DataTable data = new DataTable();
data.Columns.Add("SetId", typeof(Guid));
data.Columns.Add("Id", typeof(Guid));
Guid setId = Guid.NewGuid();
foreach (Guid x in _array)
{
var row = data.NewRow();
row["SetId"] = setId;
row["Id"] = x;
data.Rows.Add(row);
}
using (SqlBulkCopy bulk = new SqlBulkCopy(Settings.Default.ConnectionString, SqlBulkCopyOptions.CheckConstraints))
{
bulk.BulkCopyTimeout = 60000;
bulk.DestinationTableName = "dbo.bulktable";
bulk.WriteToServer(data);
}
According to the setId identifier from the intermediate table, the necessary list is “pulled out”:
insert into @table
select Id
from dbo.BulkTable
where SetId = @setId;
Pros:
- Bulk operations are very fast.
- “Simplicity” of the stored procedure
Minuses:
- All cons of a global variable in the form of an intermediate table
- The method will slow down as the table is filled with parallel queries.
- The need to maintain and maintain an index for quick search
- Two actions instead of one: once - we write to the intermediate, two - we call the storage.

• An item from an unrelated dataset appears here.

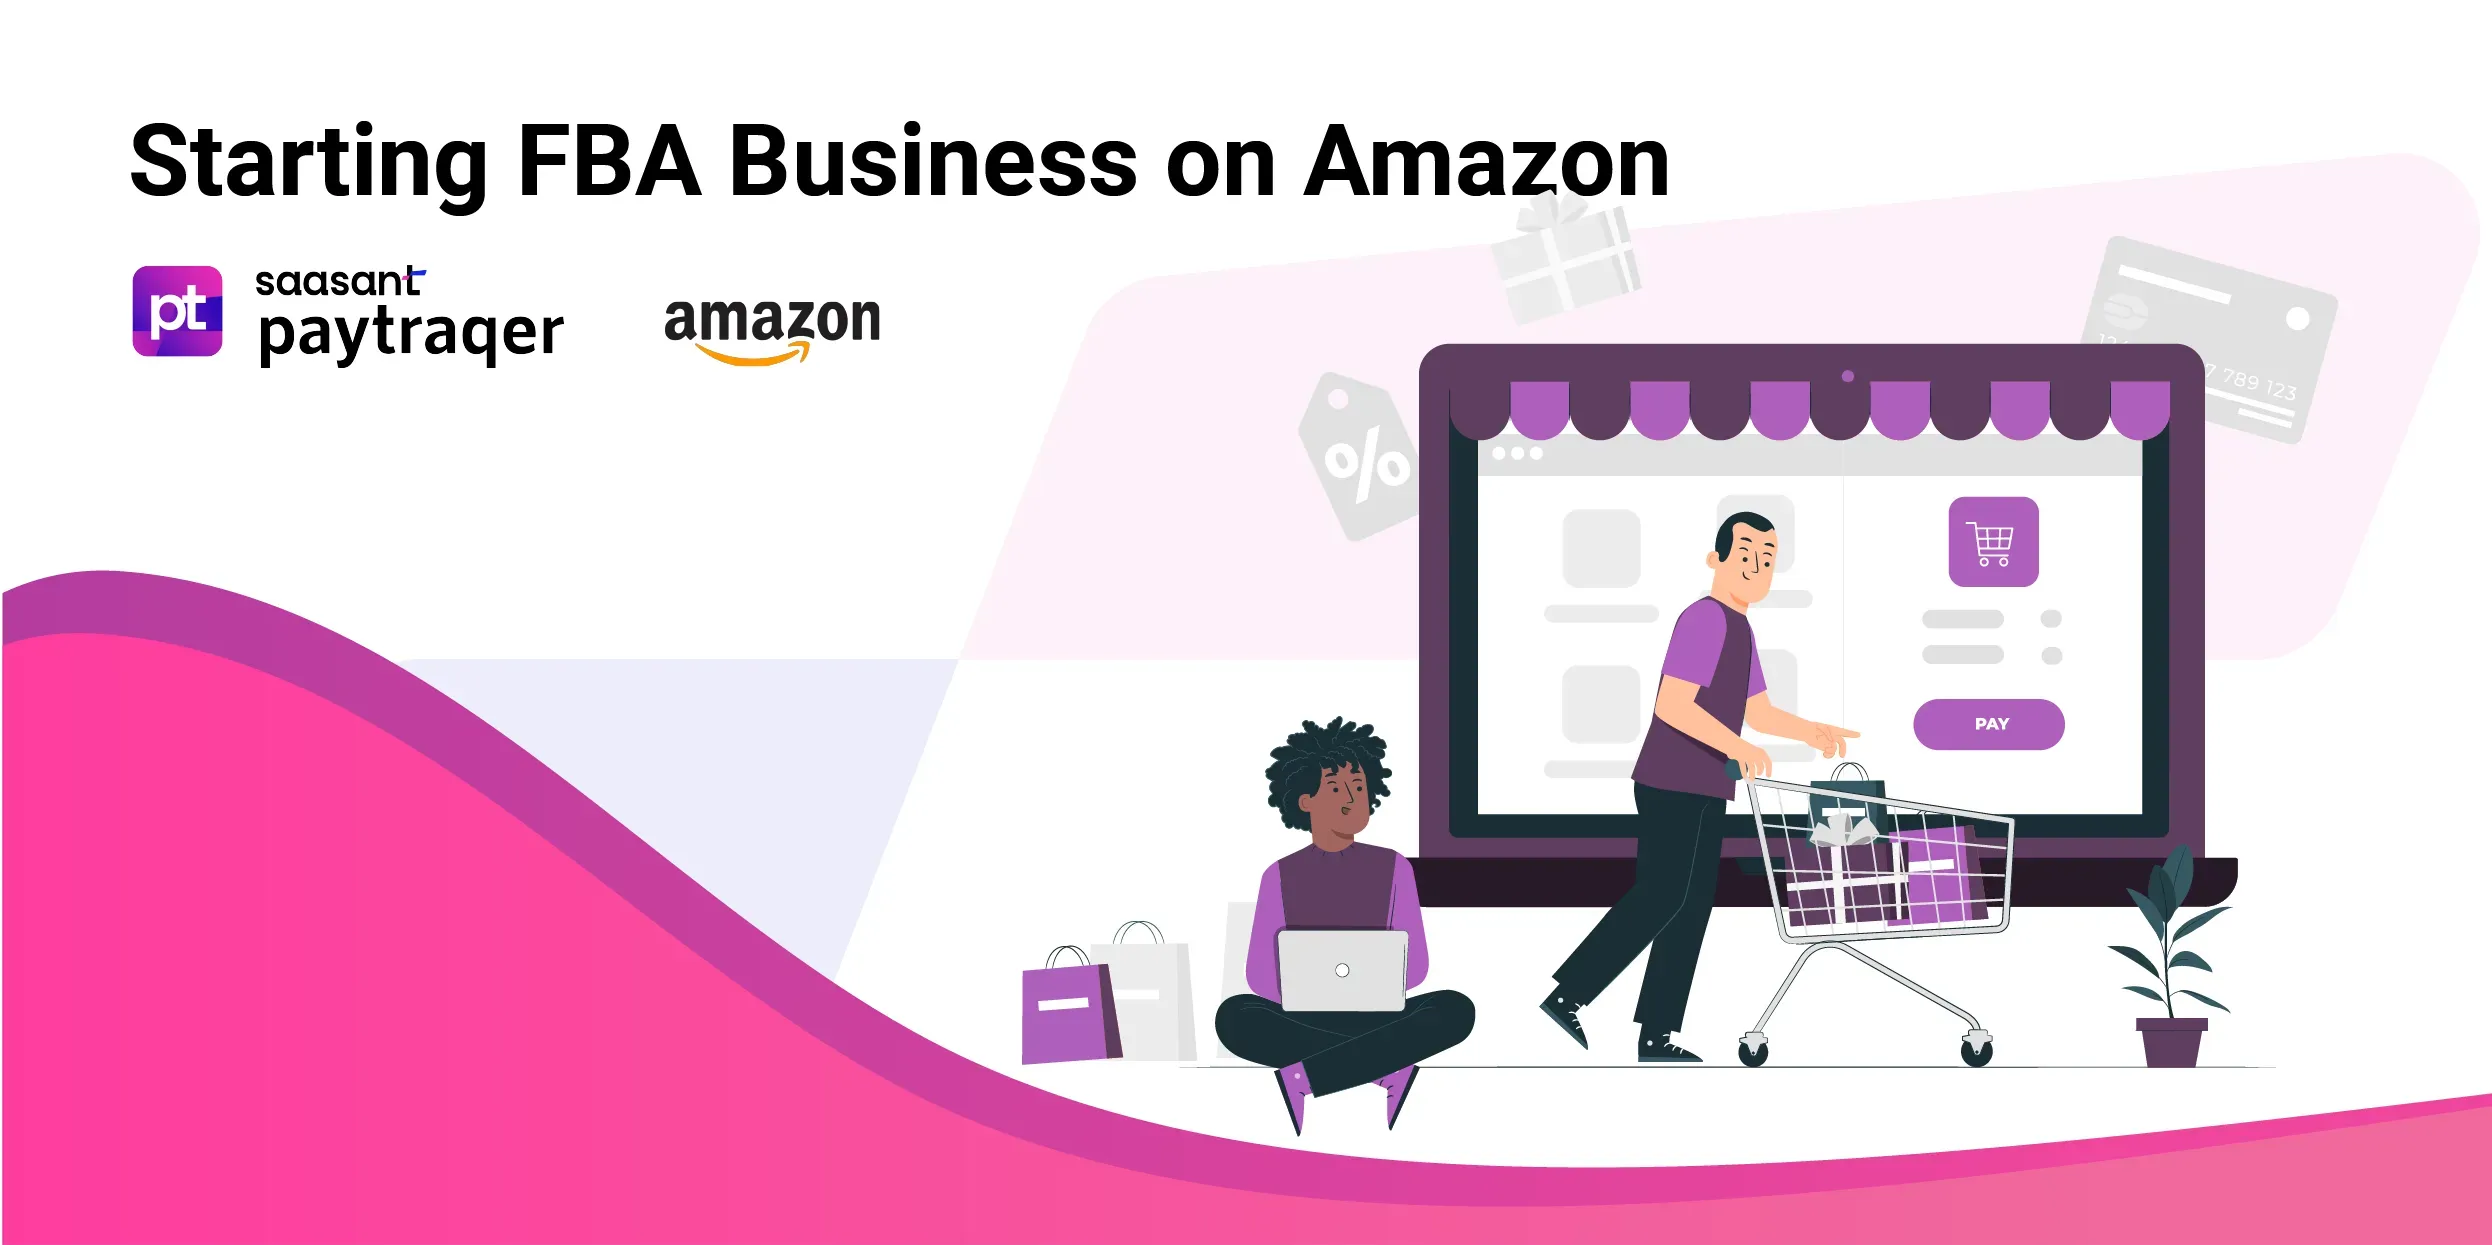 How to Start an Amazon FBA Business?

The gap between these actions is not controlled and can cause problems (see concurrency, etc)
Table type
In the database, the user defined type is declared in the form of a table with the required data type. It can be passed to the stored procedure via the System.Data.DataTable object. In the stored procedure, this type will be visible as a t-sql table to which queries can be made.
CREATE TYPE [dbo].[guidlist] AS TABLE([id] [uniqueidentifier] NULL)
CREATE procedure [dbo].[PassTableParam]
@data guidlist readonly
as
begin
set nocount on;
declare @table table(id uniqueidentifier)
insert into @table(id)
select id
from @data
end
Pros:
- The easiest way to pass a parameter to a stored procedure
Minuses:
- Works only from MS SQL 2008 version.
Test results
It was performed on dual-core Xeon and 8GB of RAM.
In the form of a table (in the first column the length of the list, in the rest of the execution time of the stored procedure in milliseconds). Estimated is the gain in the execution time of the method relative to the execution time of other methods for the specified list.
Legend:
- Xml - Openxml
- Xml - Xquery
- string - string
- binary - Blob
- bulk - Intermediate table
- table - table type
count
| binary
| bulk
| openxml
| string
| table
| xquery
|
ten
| one
| five
| 2
| one
| one
| one
|
50
| 2
| five
| 2
| 3
| one
| one
|
100
| four
| 6
| five
| five
| 2
| 2
|
1000
| thirty
| 24
| 46
| 44
| 65
| sixteen
|
5000
| 144
| 85
| 228
| 216
| 35
| 78
|
10,000
| 289
| 167
| 476
| 633
| 67
| 165
|
50,000
| 1928
| 727
| 2482
| 3170
| 398
| 698
|
100,000
| 3886
| 1630
| 4803
| 6388
| 891
| 1467
|
250,000
| 9893
| 3757
| 12074
| 16649
| 2082
| 3698
|
500,000
| 19357
| 8427
| 24265
| 33398
| 4460
| 7099
|
1,000,000
| 38838
| 20832
| 53508
| 67825
| 9040
| 14444
|
In the form of a graph:

findings
If you have MS SQL 2008, then the lists should be transferred in the form of table variables. If the server version is less than 2008, then the xml \ xquery approach should be used.
The method of the intermediate table and bulk is inefficient in view of its minuses and the test results. Even though in this example the approach with a string can be optimized, it and the rest of the methods are ineffective.